Audiences are in for a treat as they sit back and listen to a candid discussion about the discipline of archaeology and what it tells us about our own history. Drawing on more than 20 years of experience conducting archaeological research, Hall explains the goals of archaeology and then interactively walks through the process by which archaeological sites are created, taking time to point out the discipline's weaknesses and difficulties archaeologists have interpreting what they find. He then turns the spotlight on archaeology's strengths and discusses what those strengths have allowed us to learn about humans' seven-million-year history that no other discipline can begin to explain.

Christopher T. Hall is a Kentucky native whose fascination with pre-history took him out West at an early age. He began by volunteering on any archaeological project that would take him, but his increasing interest in pre-historic peoples whose survival depended on their ability to hunt animals and gather plants eventually led him to focus on the High Plains and Rocky Mountains of Montana, Wyoming, and Colorado, where Native peoples continued their hunting-gathering lifestyle well after European contact.

Hall is primarily interested in understanding the factors that drive technological change among these societies, and his case study for this endeavor is the first appearance of bow-and-arrow technology on the High Plains around 100 A.D.
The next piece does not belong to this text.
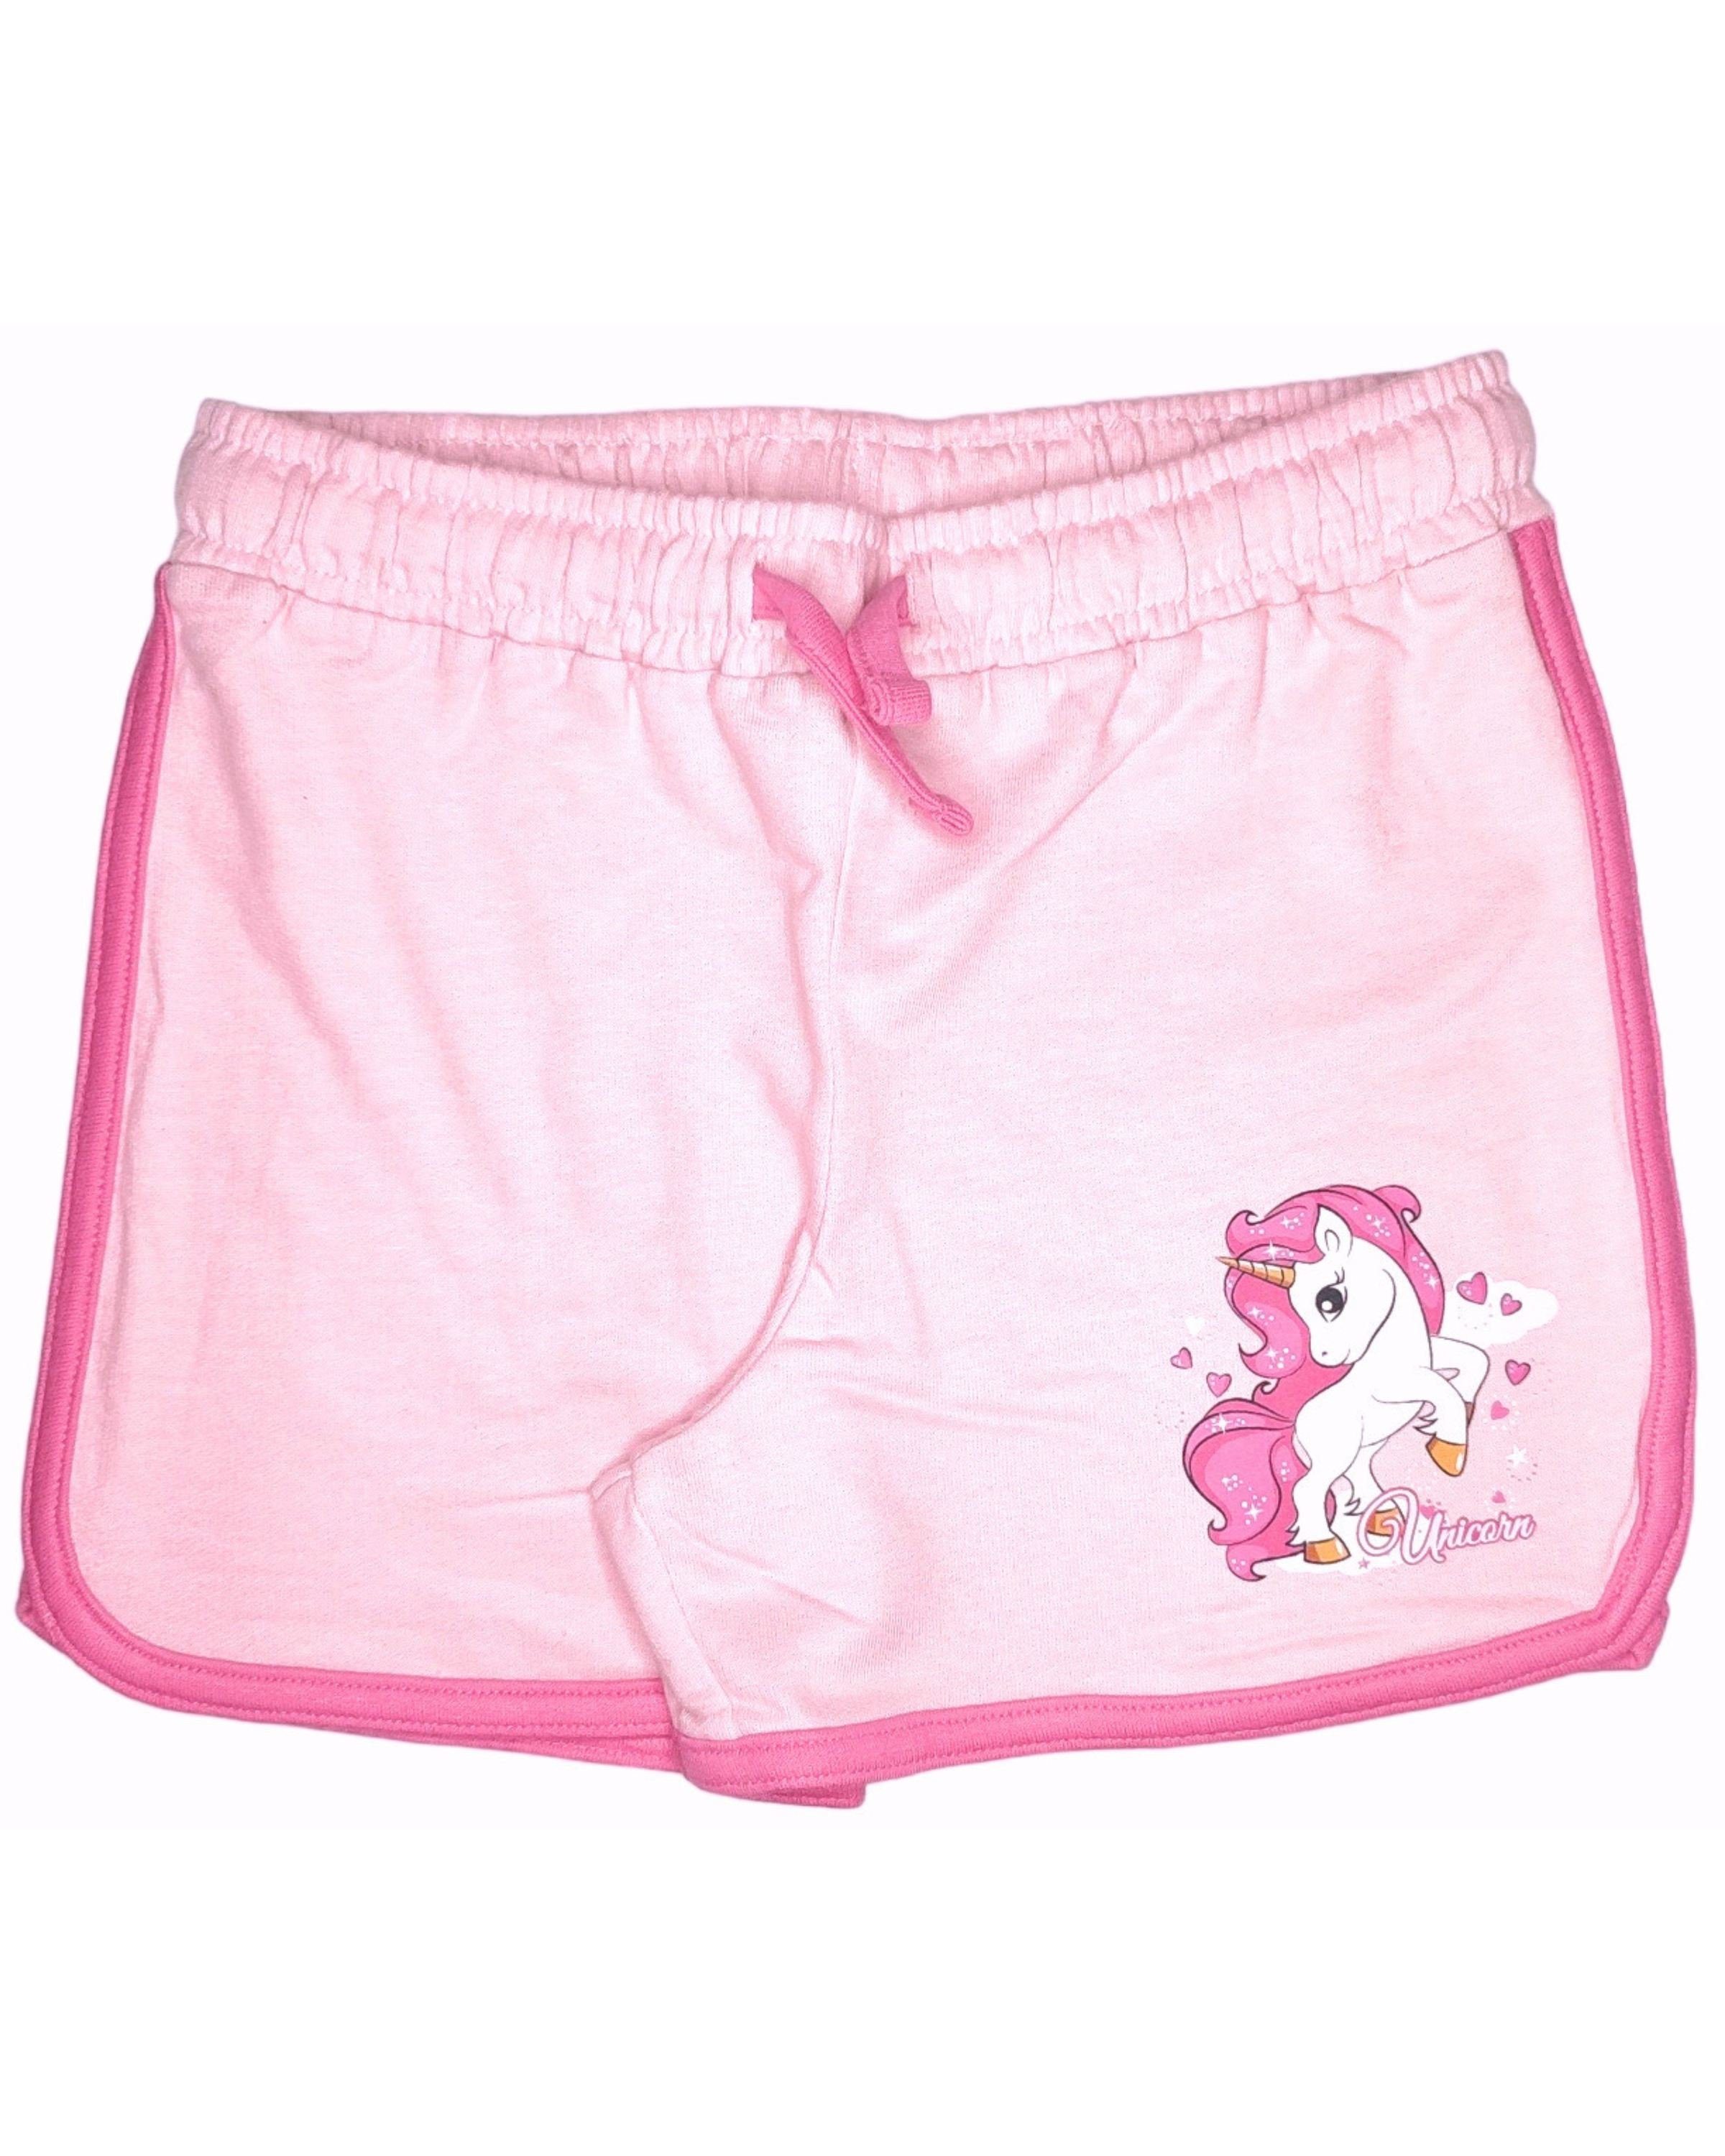 United Essentials Shorts Einhorn Mädchen kurze Hose aus Baumwolle Gr. 98 - 128 cm Rosa

Hall holds a B.A. and M.A. in anthropology from the University of Louisville and the University of Wyoming, respectively. He has also completed coursework for a Ph.D., A.B.D., and taught lower and upper-levels of anthropology courses at Washington State University. Having previously worked as a staff archaeologist for Cultural Resources Analysts, Inc., Hall now works as a non-partisan analyst for Kentucky government, but is still actively involved in archaeology and will be participating in the excavation of a 13,000-year-old Mammoth kill site in Wyoming this summer.